Europe heat signals need for climate action


The photo has been used for illustrative purposes.

This year is on track to be among the hottest ever and that would make 2015-2019 the world’s hottest five-year period on record, as per the World Meteorological Organization, and yet it is shocking that world leaders have failed to recognise the urgency of addressing climate change as a main priority.

The warning signals are in the air.

Europe is sweltering in an early summer heat wave that has already caused several deaths across the continent, mainly among the elderly.

The temperature in France surpassed 45 degrees Celsius for the first time on record on Friday. The new record makes France just the seventh European country to have recorded a plus 45 degrees Celsius temperature, along with Bulgaria, Portugal, Italy, Spain, Greece and North Macedonia.

Germany experienced temperatures more than four degrees higher in June than the average during an international reference period for tracking climate change.

The roasting temperatures have also caused air quality to nosedive in some European cities, prompting local authorities to take anti-pollution measures. In Paris, Lyon and Marseille, for example, authorities have banned the most polluting cars from the roads in recent days.

Youngsters too are turning victims. A 17-year-old harvest worker died from heat stroke in Spain in the first known death related to the heat wave. It is stated that the youth suddenly felt dizzy and took a dip in a swimming pool but suffered convulsions when he got out and collapsed.

In the world’s second most populous nation, India, more than 450,000 people have signed two petitions demanding that the government declare a climate emergency as severe heat waves and crippling water shortages have gripped the country.

Just last week, UN Special Rapporteur on extreme poverty and human rights, Philip Alston, warned that climate change threatens to undo the last 50 years of development, global health and poverty reduction. He cited the risk of a new era of “climate apartheid” where the rich buy their way out of rising heat and hunger.

His contention that climate change will have the greatest impact on the most vulnerable that could push more than 120 million more people into poverty by 2030 deserves serious attention of the world community and prompt remedial action.

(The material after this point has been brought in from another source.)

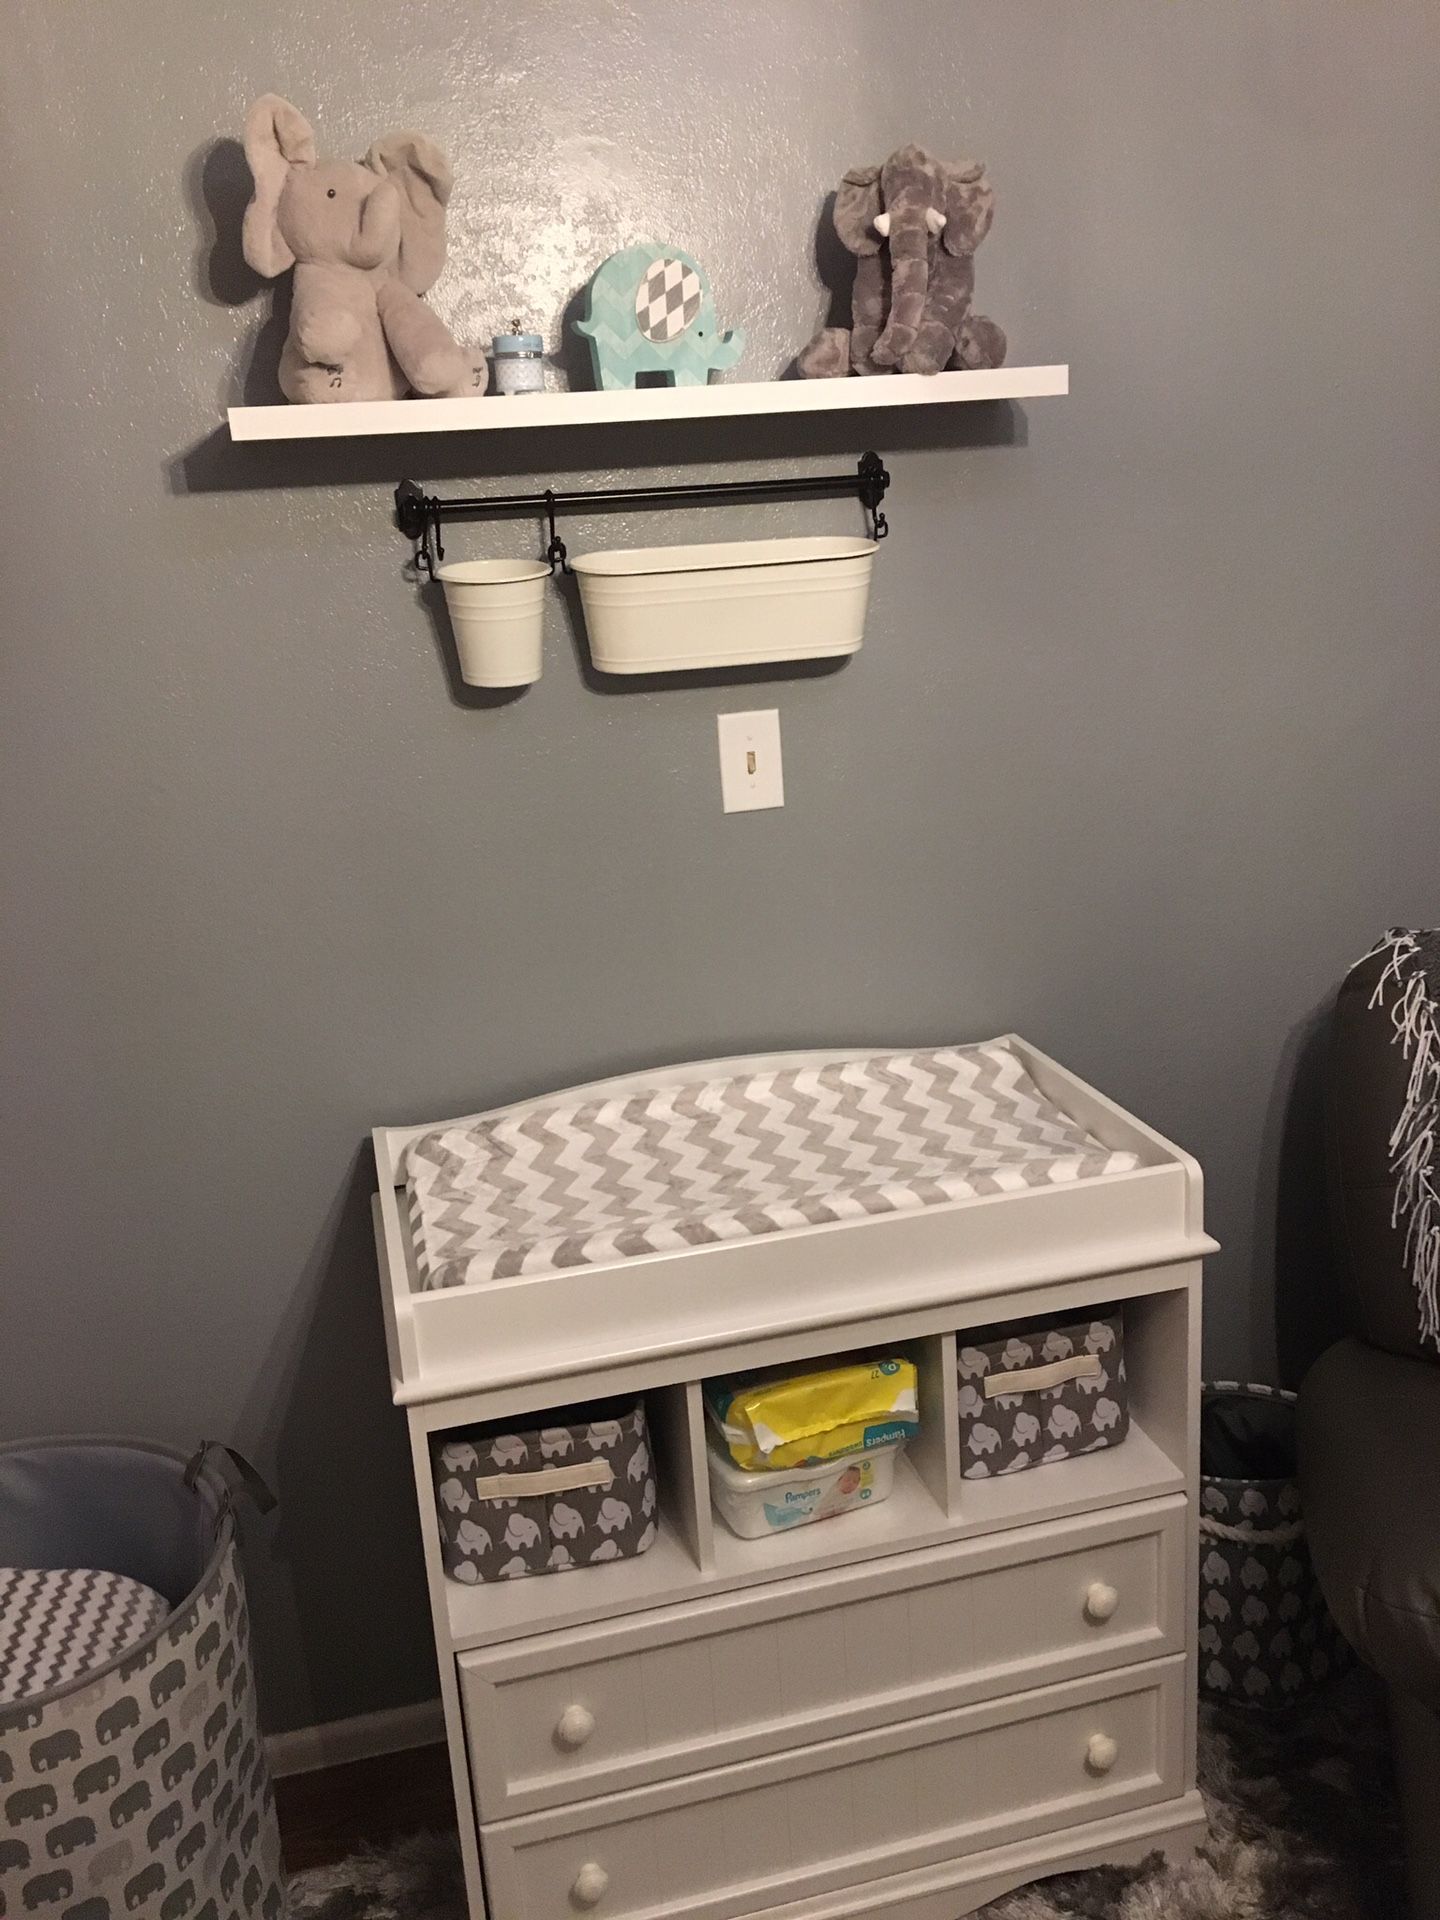 Crib and Changing table

Sadly, states are failing to meet their carbon emissions reduction and climate financing commitments and continue to subsidise the fossil fuel industry with $5.2 trillion per year.

There are enough alarm bells ringing over climate change. The heat waves in Europe, drought and storms in Africa, melting glaciers, bleaching corals, the Arctic ice melting — do we need to add more?

The Intergovernmental Panel on Climate Change report spells out that by the end of the 21st century temperatures must not exceed 1.5 degrees Celsius. Unfortunately, not enough is being done to achieve that.

Climate change has become a top public concern in Germany, with the Greens party shooting up to poll neck-and-neck with Chancellor Angela Merkel’s conservatives for the first time in recent weeks.

Demonstrators formed a human chain to symbolically lock politicians in the German parliament building in Berlin on Friday, as calls by schoolchildren for climate action continued into the capital’s summer holiday.

Launched by Swedish activist Greta Thunberg, “Fridays for Future” has seen pupils “strike” against school teaching each Friday for months across Europe.

Indications are that awareness is growing, but what is needed is concrete remedial action by world leaders. And that, without any further delay.